Consciousness Studies
You will learn concrete things, facts, ideas, relationships. You will learn how to work with groups of people, which is how most of your work in life will be done, adjusting to new groups, helping each solve the problem it has tackled. You will, if we have done all our work well, learn how to learn: how to get data, how to deal with it, having gained confidence in your ability to handle situations where you either learn or remain helpless.
—Charles McCann, Evergreen’s First President, 1968-1977
Consciousness is that out of which what we can know arises.
And, what else?
In the spirit of Evergreen’s foundation, we approach the study of consciousness and experience in open inquiry. We admit that current bodies of knowledge don’t have all the answers. We’re interested in questions, especially those for which we need each other in order to explore.

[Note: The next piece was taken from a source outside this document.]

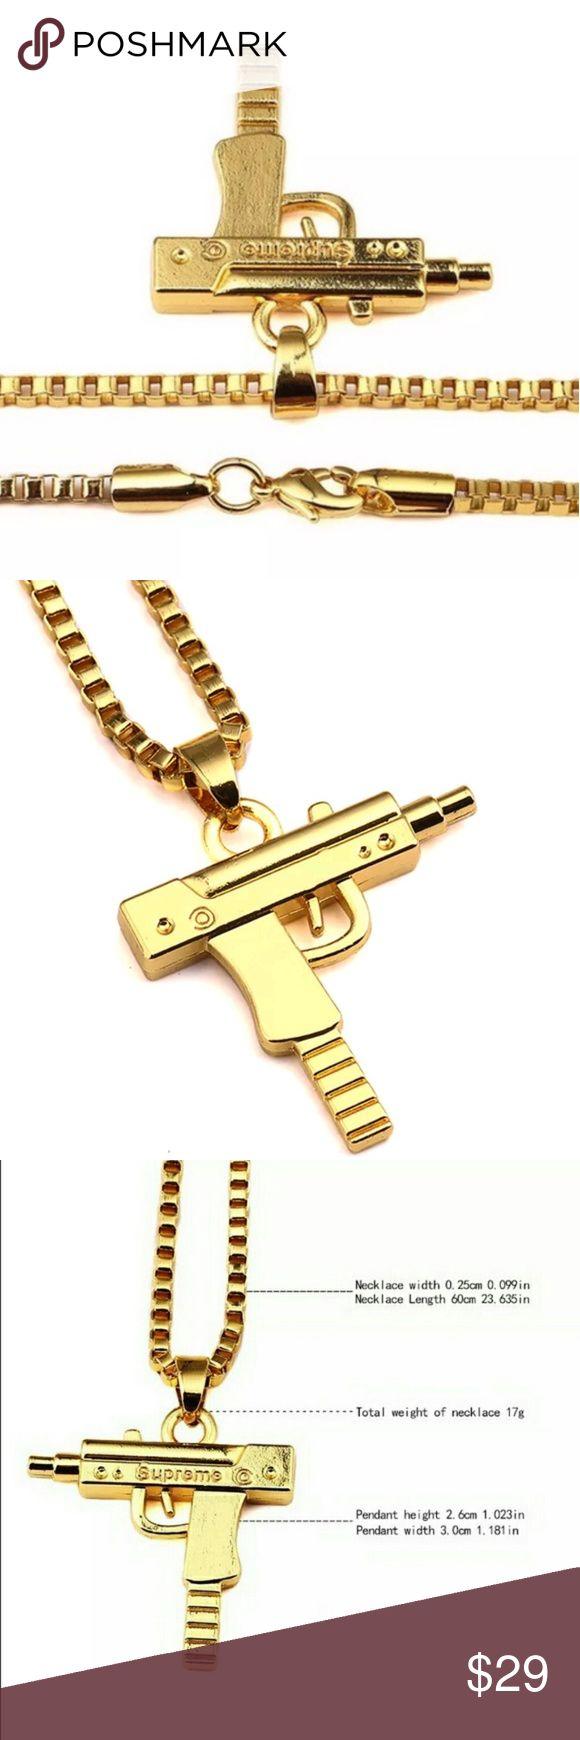 GOLD Supreme brand Uzi Necklace/Chain Gawld niggas GOLD Supreme Accessories Jewelry

Questions that we ask include: How does experience shape consciousness—and vice-versa? In what ways does the inclusion of the body effect cognitive development? How is sentience defined and recognized? How might it matter if the self is proven to be a by-product of a biofeedback loop? In what ways are science and spirituality complementary? What constitutes collective forms of consciousness? How can analytical attention to consciousness and the recognition of subjectivity effect positive change?
The answers to these questions (and the matrix for more) arise from this field that brings together interdisciplinary, multidisciplinary, and even non-disciplinary approaches to our studies.
Emotion, cognition, attention, understanding, interpretation, creativity, sensation, listening, dreaming, expression, reflection, motivation, resonance, prayer, proprioception. These and more are the elements of consciousness, our subjects of study, and our data in response to which we can either learn or remain helpless.